La hija de Nubar tenía diez años. Desarrollada para su edad, al parecer, pero delgaducha y morena, siempre con vestidos tristes; una niña estirada a lo largo, más que un proyecto de mujer. Se llamaba Cécile. Se casará con el amigo de su padre cinco años más tarde. En 1914. Poco antes del verano. Poco antes de la guerra. Tendrá una fiesta suntuosa, quizá la última en la historia en la que turcos y armenios canten y bailen juntos. Y asistirá a ella, entre otros miles de invitados, el gobernador de la montaña, que en aquellos tiempos era, precisamente, un armenio, Ohannés pachá, antiguo funcionario otomano; improvisará para la ocasión un discurso sobre la recuperación de la fraternidad entre las comunidades del Imperio —«turcos, armenios, árabes, griegos y judíos, los cinco dedos de la augusta mano del Sultán»—, que será enormemente aplaudido.
Ni en plena fiesta conseguía Nubar desembarazarse de sus inquietudes; pero el recién casado estaba tan feliz como un golfillo callejero: «¡Vamos, suegro, expláyate un poco, únete a nosotros! Mira a toda esa gente que ríe y que bate palmas en torno a ti; ¿no hemos encontrado aquí lo que nos faltaba en Adana? ¿Qué necesidad tenemos de emigrar a tu América?».

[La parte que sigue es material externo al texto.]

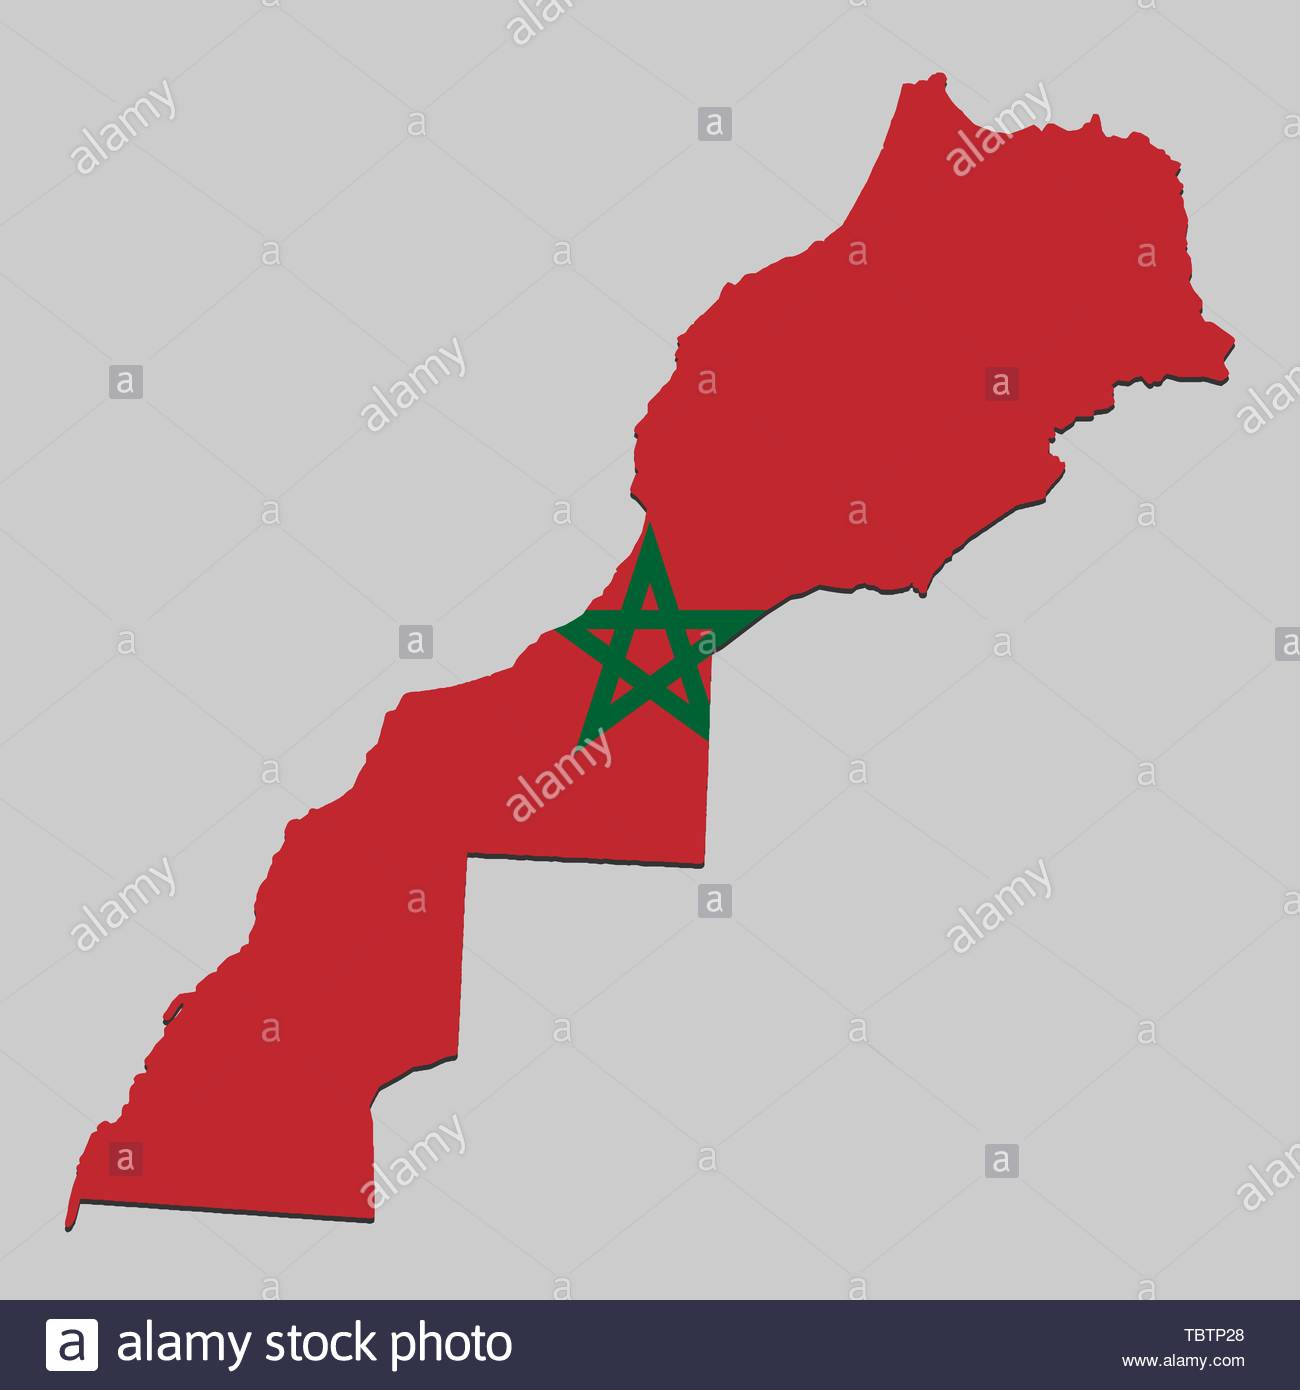 carte-du-maroc-avec-drapeau-national-vector-illustration-tbtp28.jpg

Todo parecía, en efecto, ir lo mejor posible. En previsión de su matrimonio, mi padre acababa de hacerse construir, en los alrededores de Beirut, en el lugar llamado Colina de los Pinos, una morada suntuosa en piedra arenisca, a imitación de la que había abandonado. Había traído de Adana los muebles de la familia, las joyas de su madre, el viejo instrumental de su padre, los tapices, cajas llenas de títulos de propiedad y firmanes y, por supuesto, todas las fotografías.

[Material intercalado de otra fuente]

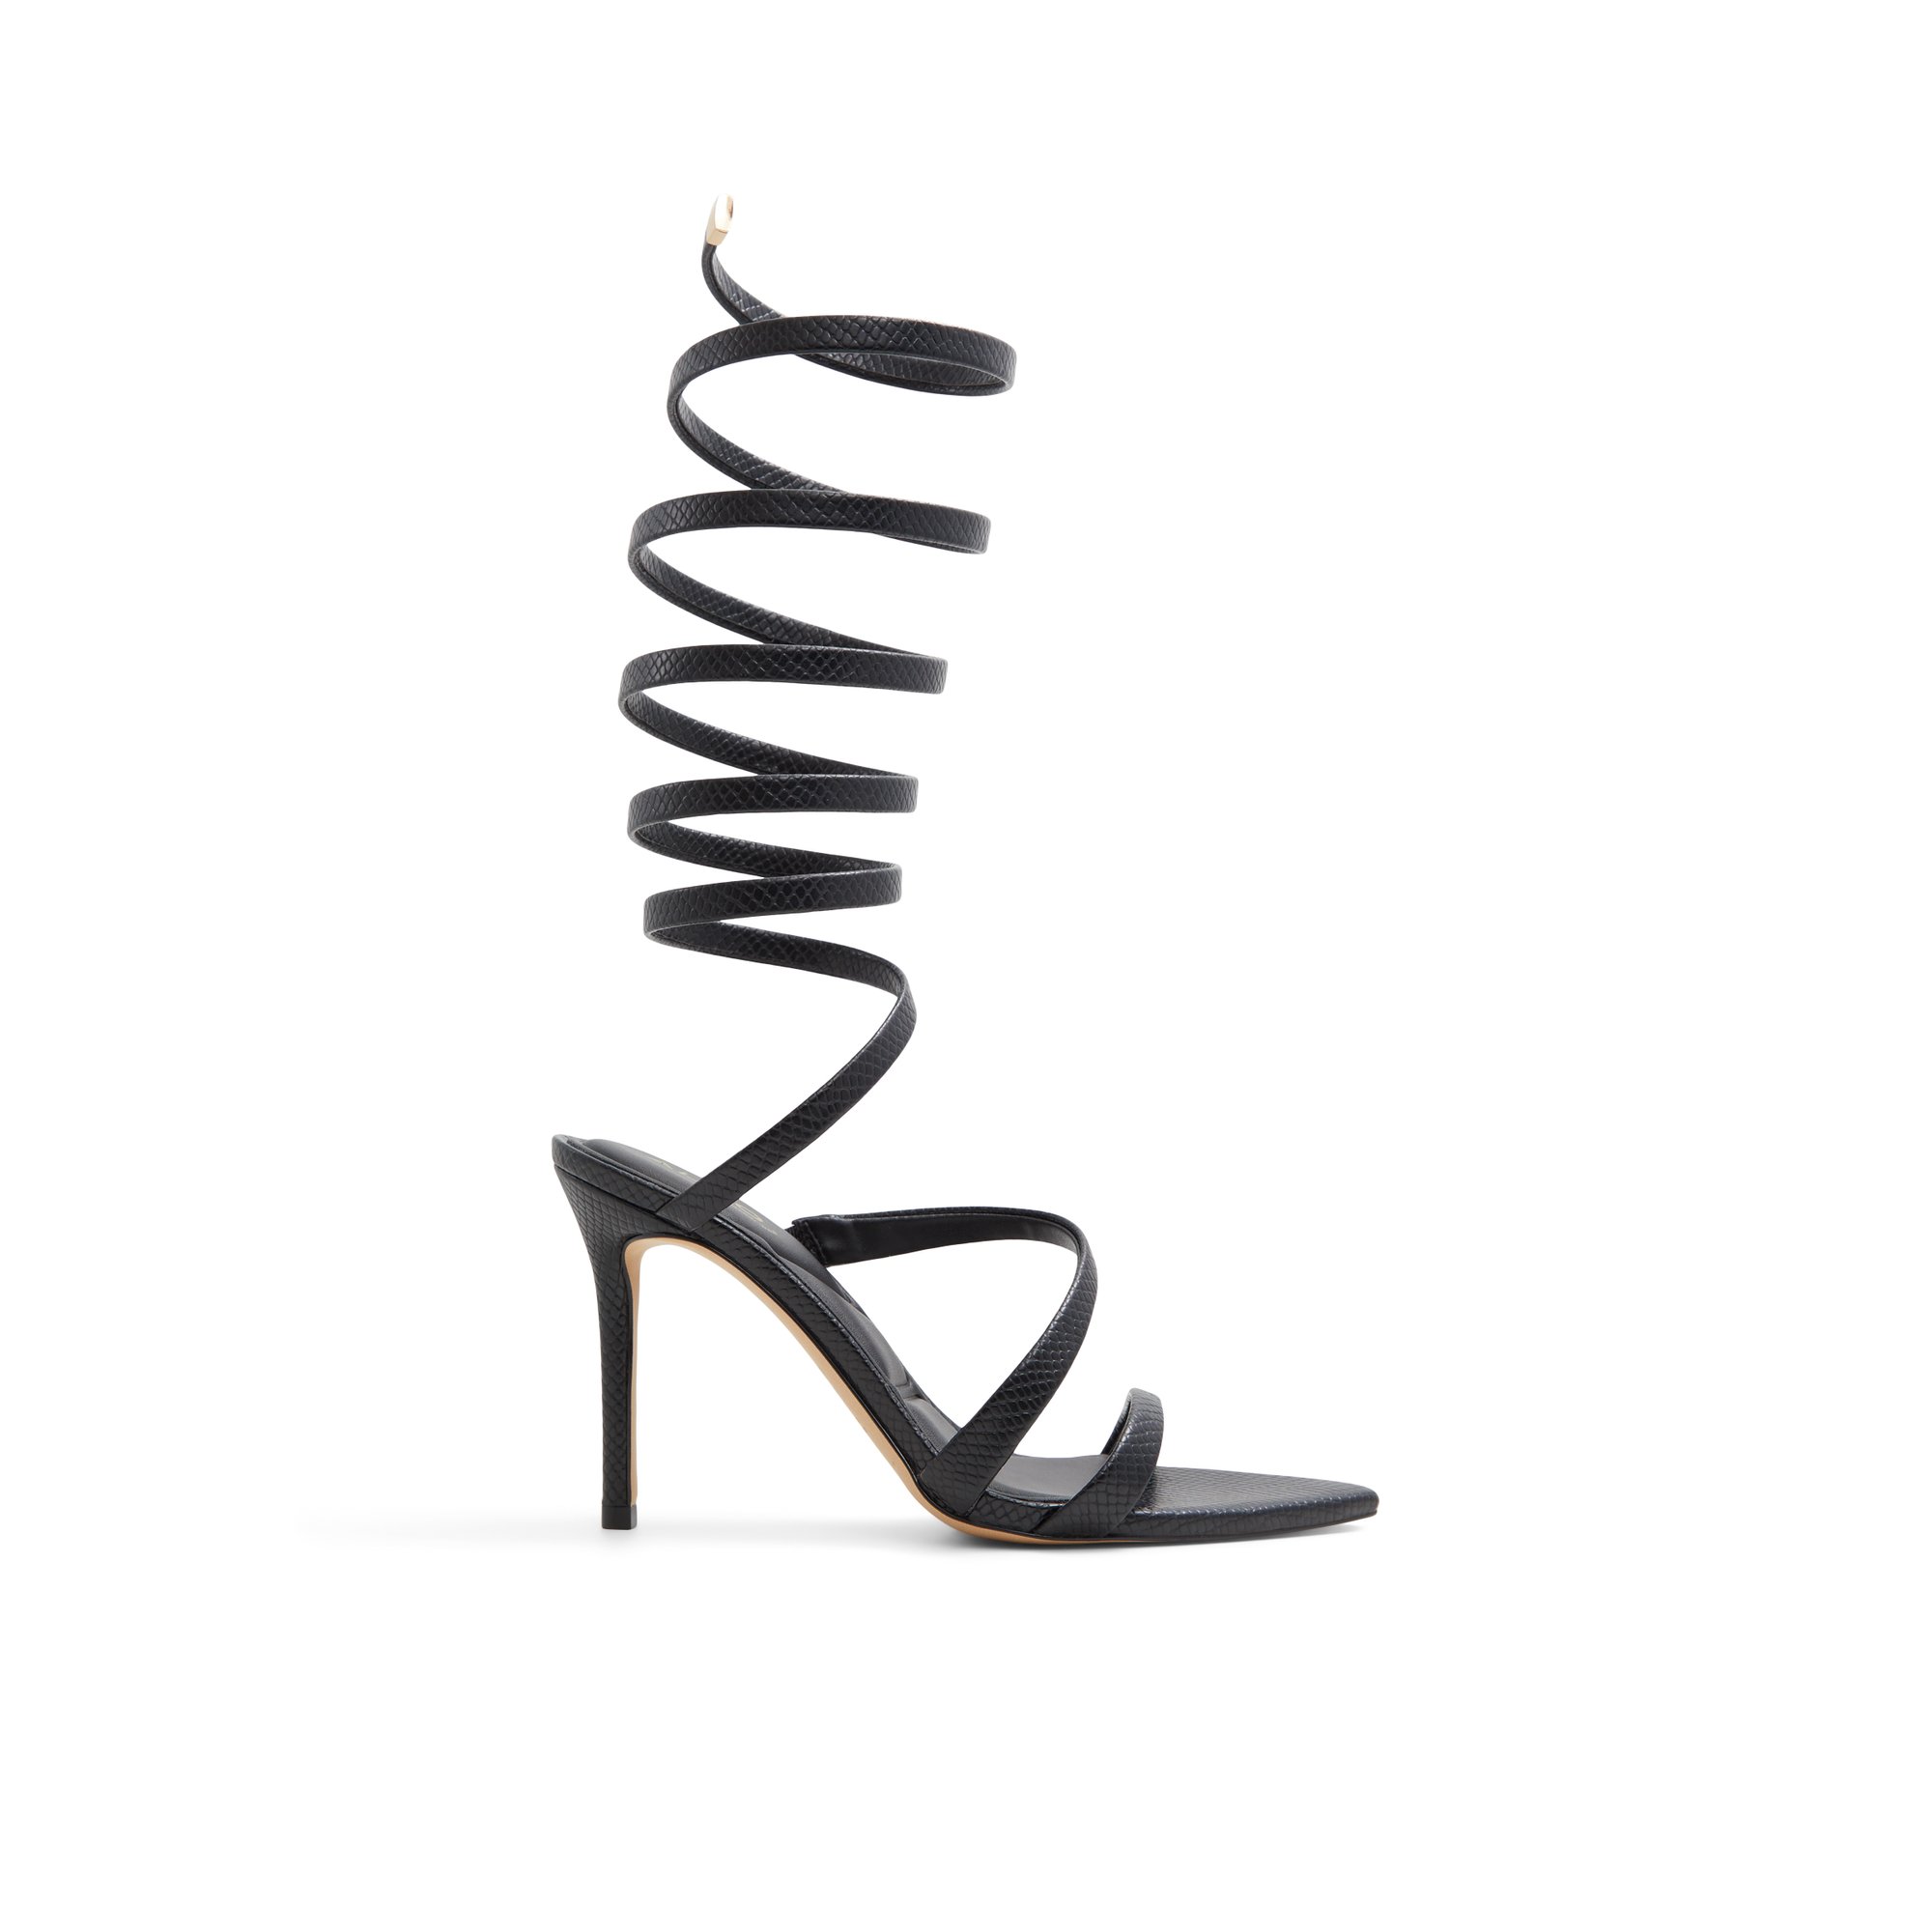 ALDO Spira - Women's Strappy Sandal Sandals - Black

En la gran pared del salón de la nueva casa Ketabdar, reinaba ya la imagen más inesperada: la de los amotinados, con las cabezas ceñidas y los rostros sudorosos bajo la llama de odio de las antorchas; mi padre iba a mantener a la vista, durante toda su vida, este singular trofeo cinegético. Durante años vendrían ola tras ola de visitantes a escrutar de cerca a aquellos personajes, buscando en vano algún rostro familiar. Y mi padre los dejaría atascados un largo rato, antes de decirles: «No busquéis, no hay rostro alguno que reconocer, son la turba, son el destino».
Siempre se sentaba dando la cara a aquellos hombres; al revés que Nubar, que siempre les daba la espalda; y que, incluso, cada vez que entraba en la habitación, bajaba invariablemente los ojos para evitar volver a verlos.
Mi padre habría querido que a partir de entonces su amigo viviese con él. Pero Nubar prefirió alquilar en la vecindad una casa mucho más modesta, que le servía también de taller. El gobernador le había nombrado fotógrafo oficial y, en algunos meses, su comercio floreció. Igual que ese trigo de alta montaña que se apresura a crecer porque sabe que la primavera será breve.